Aim of the exercise:
Where a picture appears in the data below, exclude it; restate everything else word for word.

Data section:

────

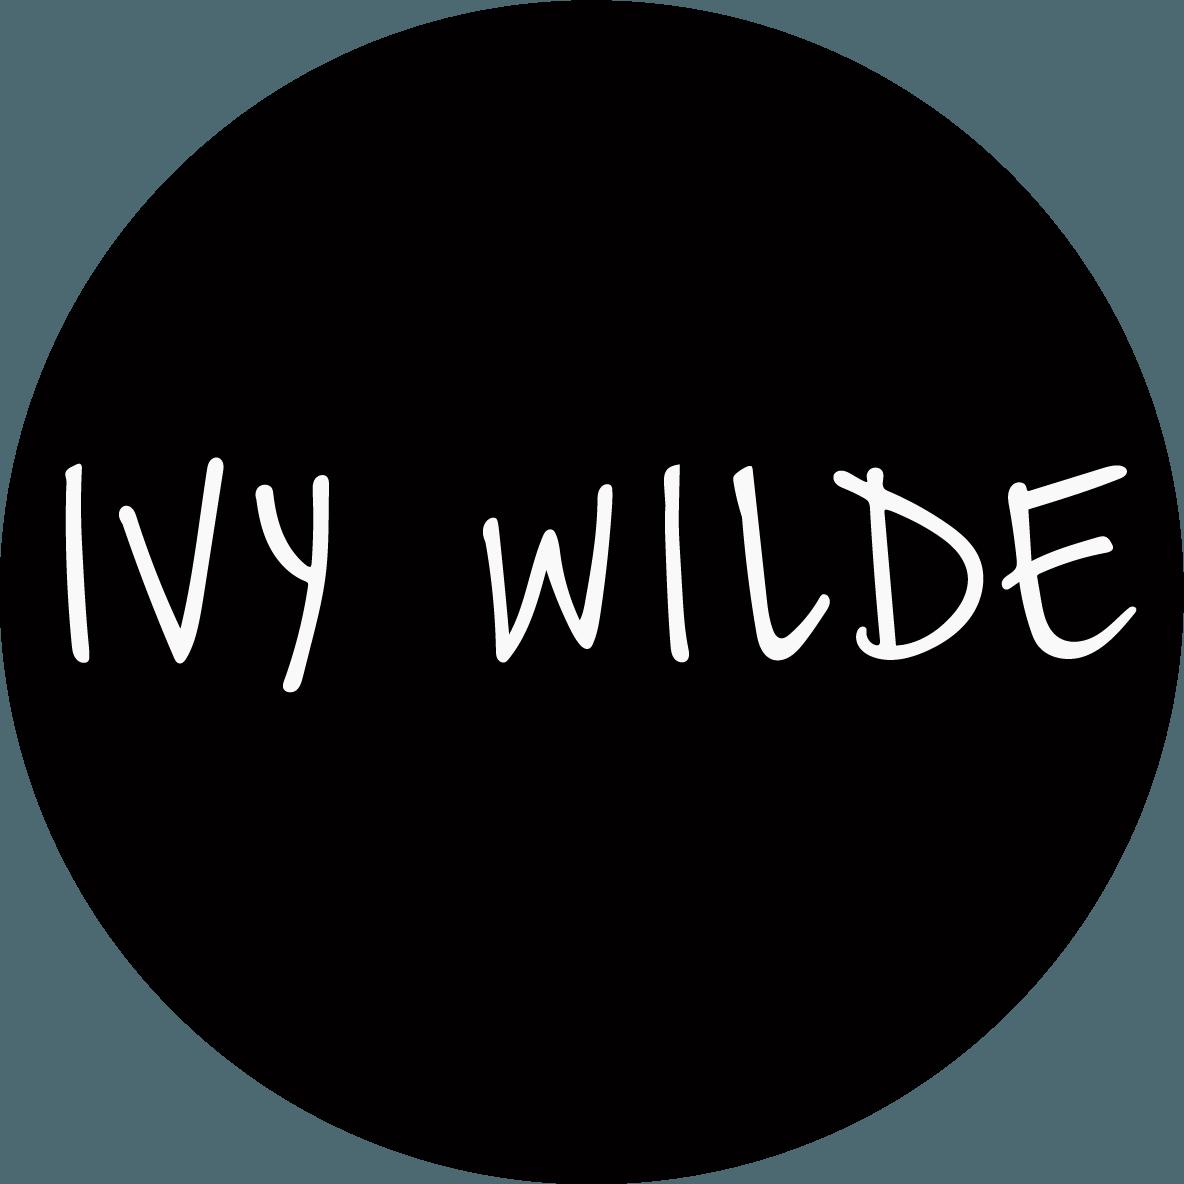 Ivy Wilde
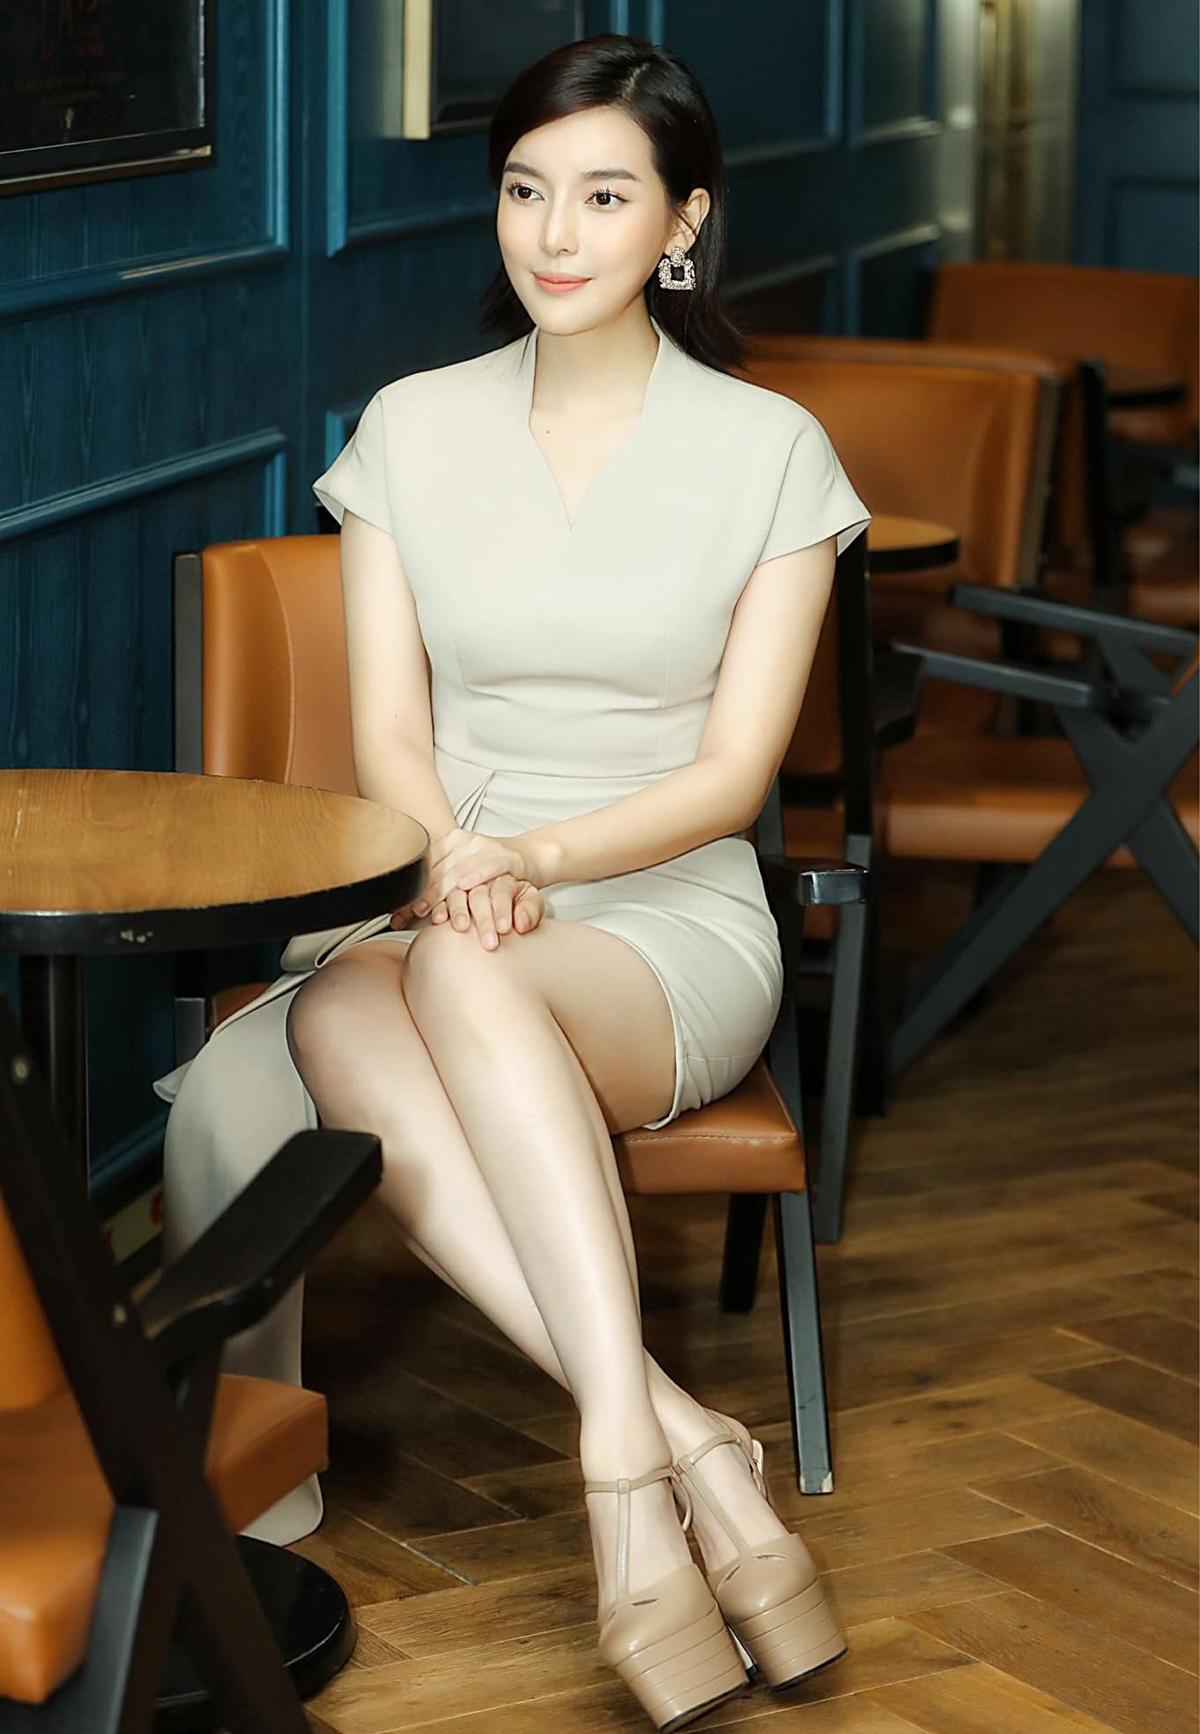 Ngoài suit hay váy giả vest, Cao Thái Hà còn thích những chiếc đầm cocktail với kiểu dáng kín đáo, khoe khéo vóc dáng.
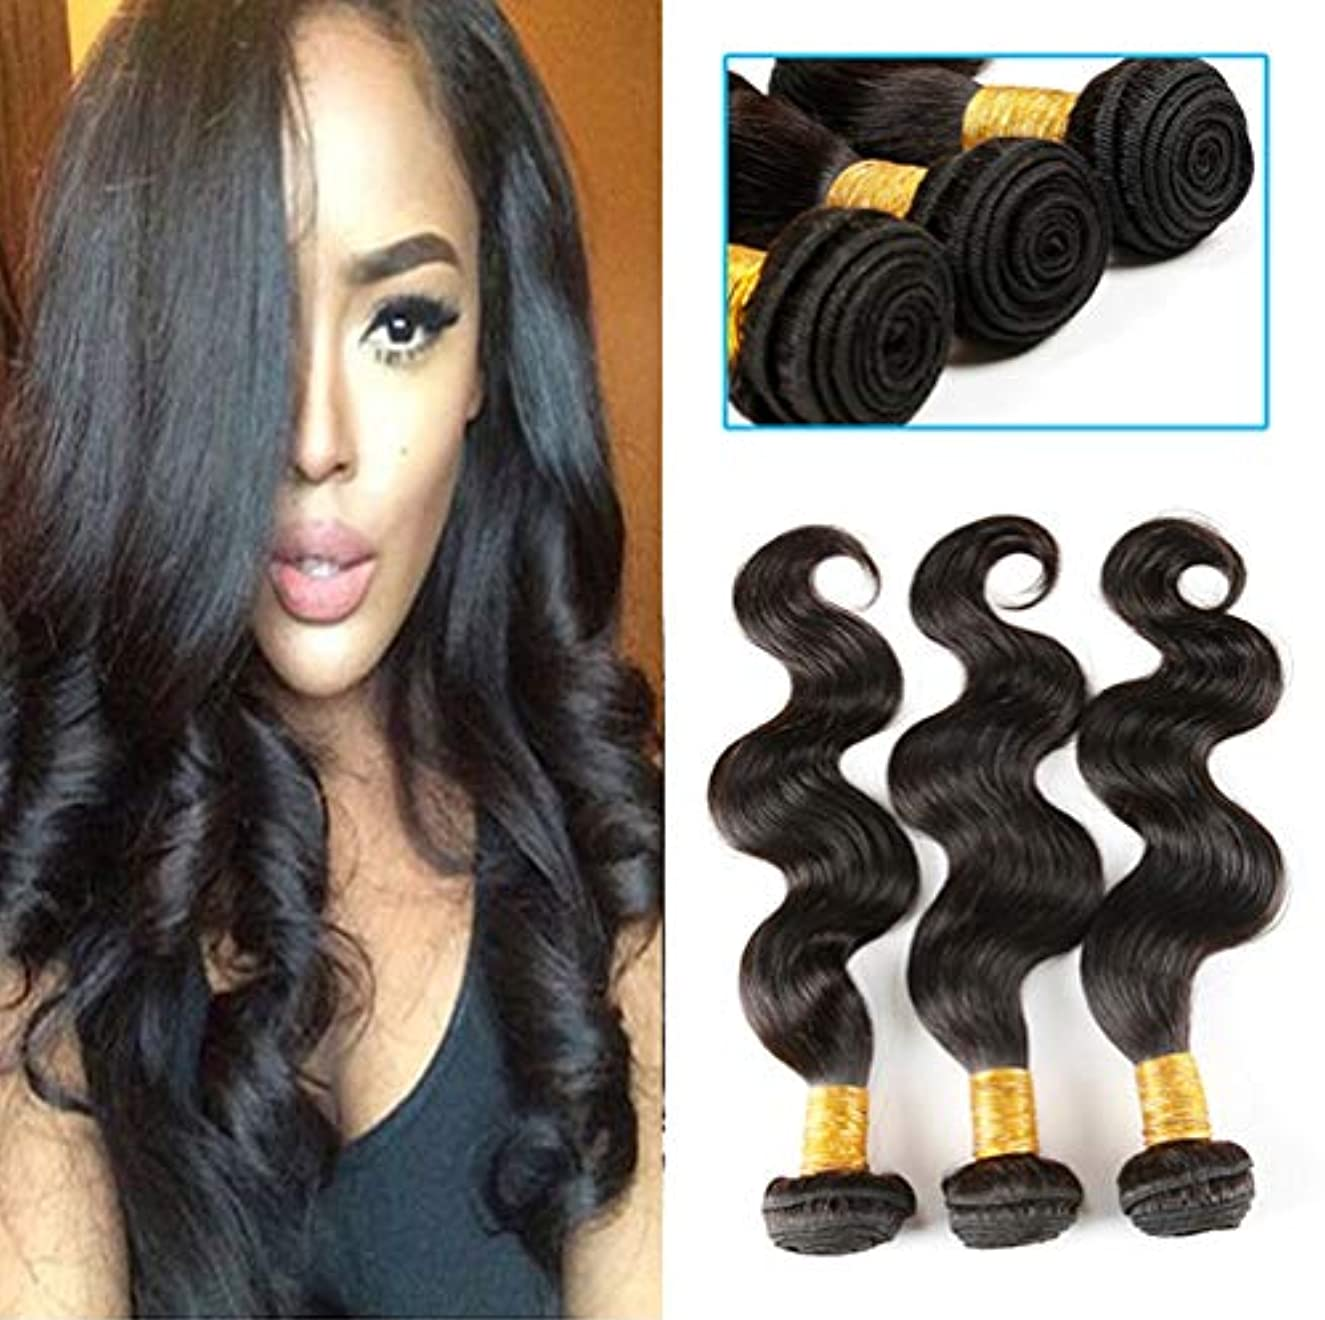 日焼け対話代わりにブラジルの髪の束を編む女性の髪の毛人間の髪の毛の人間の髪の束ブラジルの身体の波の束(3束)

────

Finished exercise:
 Ivy Wilde
 Ngoài suit hay váy giả vest, Cao Thái Hà còn thích những chiếc đầm cocktail với kiểu dáng kín đáo, khoe khéo vóc dáng.
 日焼け対話代わりにブラジルの髪の束を編む女性の髪の毛人間の髪の毛の人間の髪の束ブラジルの身体の波の束(3束)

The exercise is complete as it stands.